All Kim Coco Iwamoto wanted was a chance to fix Hawaii's public schools when she entered the race for a seat on the Board of Education.

But just hours after her general election victory last week, the 38-year-old attorney became known across the country as a role model for transgenders.

For Iwamoto, whose gender orientation was never a big issue in four months of campaigning, the recognition as the nation's top elected transgender official is "an honor." She, however, would rather focus on her educational platform.

"I didn't run as a transgender candidate," she said Friday at the Bishop Museum, where some of her political signs still hung on fences. "I ran as an advocate for education and for every student."

When she is sworn into her first public office next month, Iwamoto, who was born on Kauai and earned a law degree from the University of New Mexico, will join 13 other board members who oversee the state Department of Education and set policies for 285 island schools.

Among her priorities, the civil-rights lawyer said, will be to increase funding for schools and libraries, support new approaches to learning and ensure that all students feel safe on campus. Finally, Iwamoto would like to immerse parents in the curriculum -- an idea that can be traced back to her own childhood.

"My mother was an active person in my education," said Iwamoto, who attended both public and private schools, including the boys-only Saint Louis High School. "She would help us out with excursions, get involved in school fairs and it would really send a clear message to me that learning didn't stop at the schoolyard fence."

Besides the challenge of running against three former Democratic lawmakers and two incumbents, Iwamoto also had to cope with the loss of her mother, Linda Toshiko, in August.

She relied on an aggressive campaign, with hundreds of volunteers distributing fliers around the island, visiting events like the Okinawan Festival, spending weekends at Waikiki's Sunset on the Beach and participating in get-out-the-vote rallies. The most exhausting part, she said, was sign-waving.

"I was very accessible to the community," Iwamoto said. "And I was very humbled and flattered that they would spend the time to talk to me about their concerns and what's working in the school system for them and what they'd like to see more of."

The strategy worked. By election night, her Web site, the only one set up among a field of six candidates vying for three at-large Oahu seats on the board, had logged 200,000 hits. And then there's Iwamoto's catchy middle name "Coco," an invaluable asset in a dispute often decided by name recognition.

For that, Iwamoto thanks her late mother, who went into labor during a party at the famous Coco Palms Hotel, which closed in 1992 after Hurricane Iniki slammed Kauai's east shoreline.

"A lot of people think that 'Coco' is in reference to Coco Chanel," Iwamoto said, mentioning the popular French designer. "But it's really Coco Palms."

In Tuesday's general election, Iwamoto overcame former Democratic state legislators Terrance Tom and Brian Yamane as well as incumbent Darwin Ching, who was appointed by Gov. Linda Lingle in August 2005. She went to bed at 1:30 a.m. and, by the time she woke up, dozens of media outlets had turned her into a political celebrity, with stories about her feat running below headlines such as "Hawaii Elects Gender-Bender" and "Hawaiian's election make transgender history."

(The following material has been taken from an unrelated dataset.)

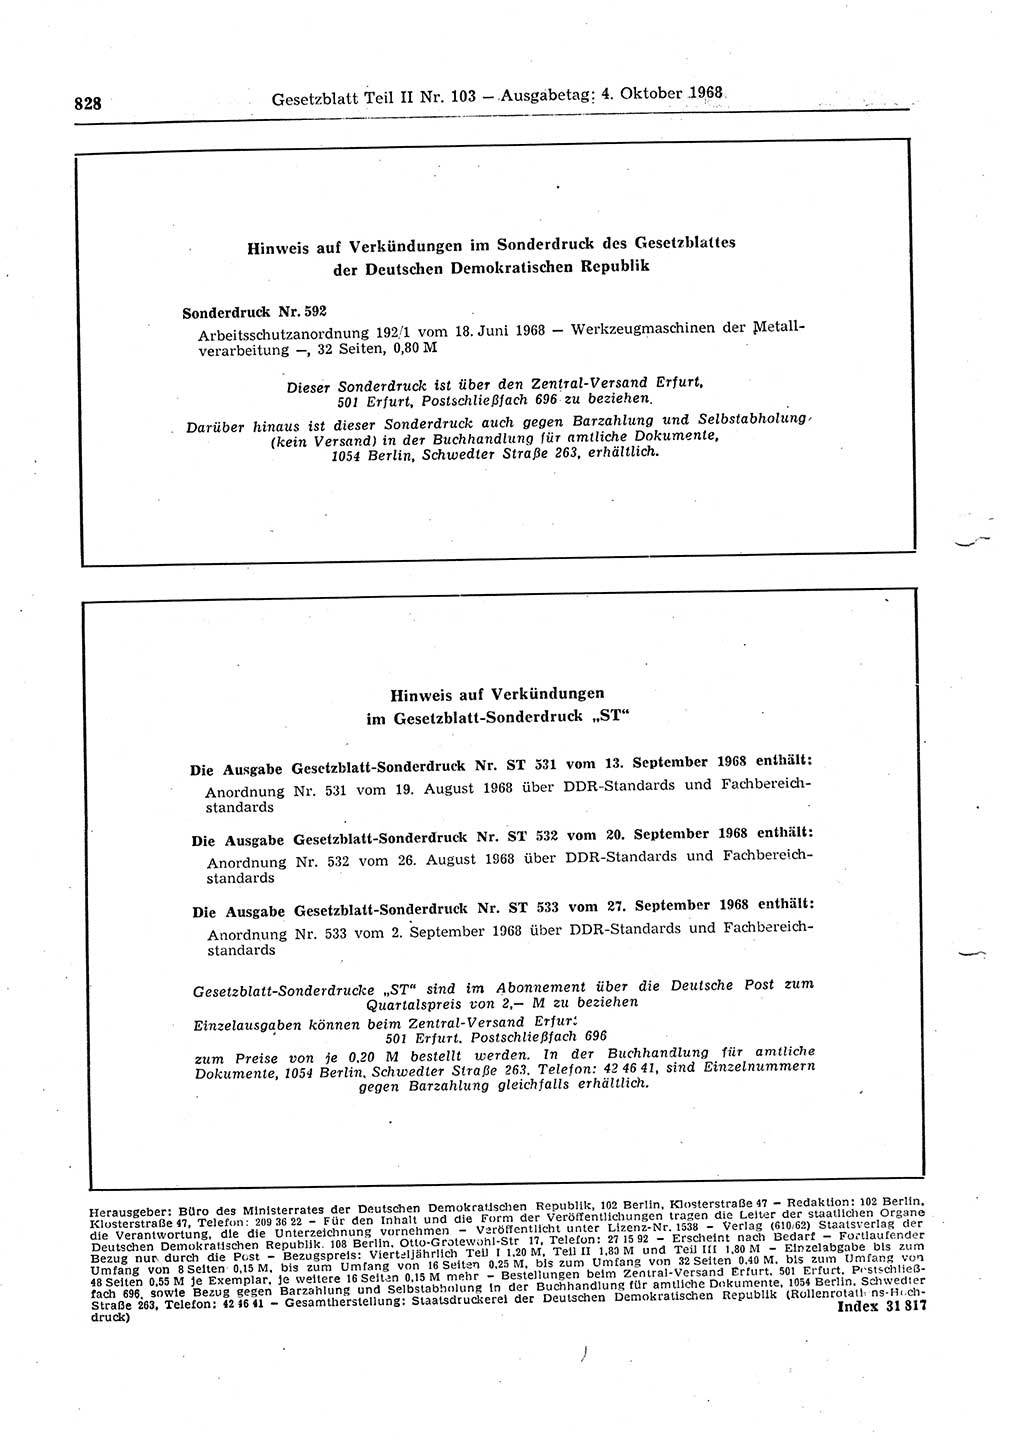 Gesetzblatt (GBl.) der Deutschen Demokratischen Republik (DDR) Teil ⅠⅠ 1968, Seite 828 (GBl. DDR ⅠⅠ 1968, S. 828)

Iwamoto said her victorious run shows that island voters care about issues, not a candidate's gender identity, when casting ballots. And for her, that beats the national attention she is receiving.

"A lot of people know that I went to Saint Louis and a lot of local families realize what that means," she said. "I've never run as anyone else but myself. I am a first-time candidate, so I think it says a lot about the people of Hawaii who'd like to focus on the issues and move education forward."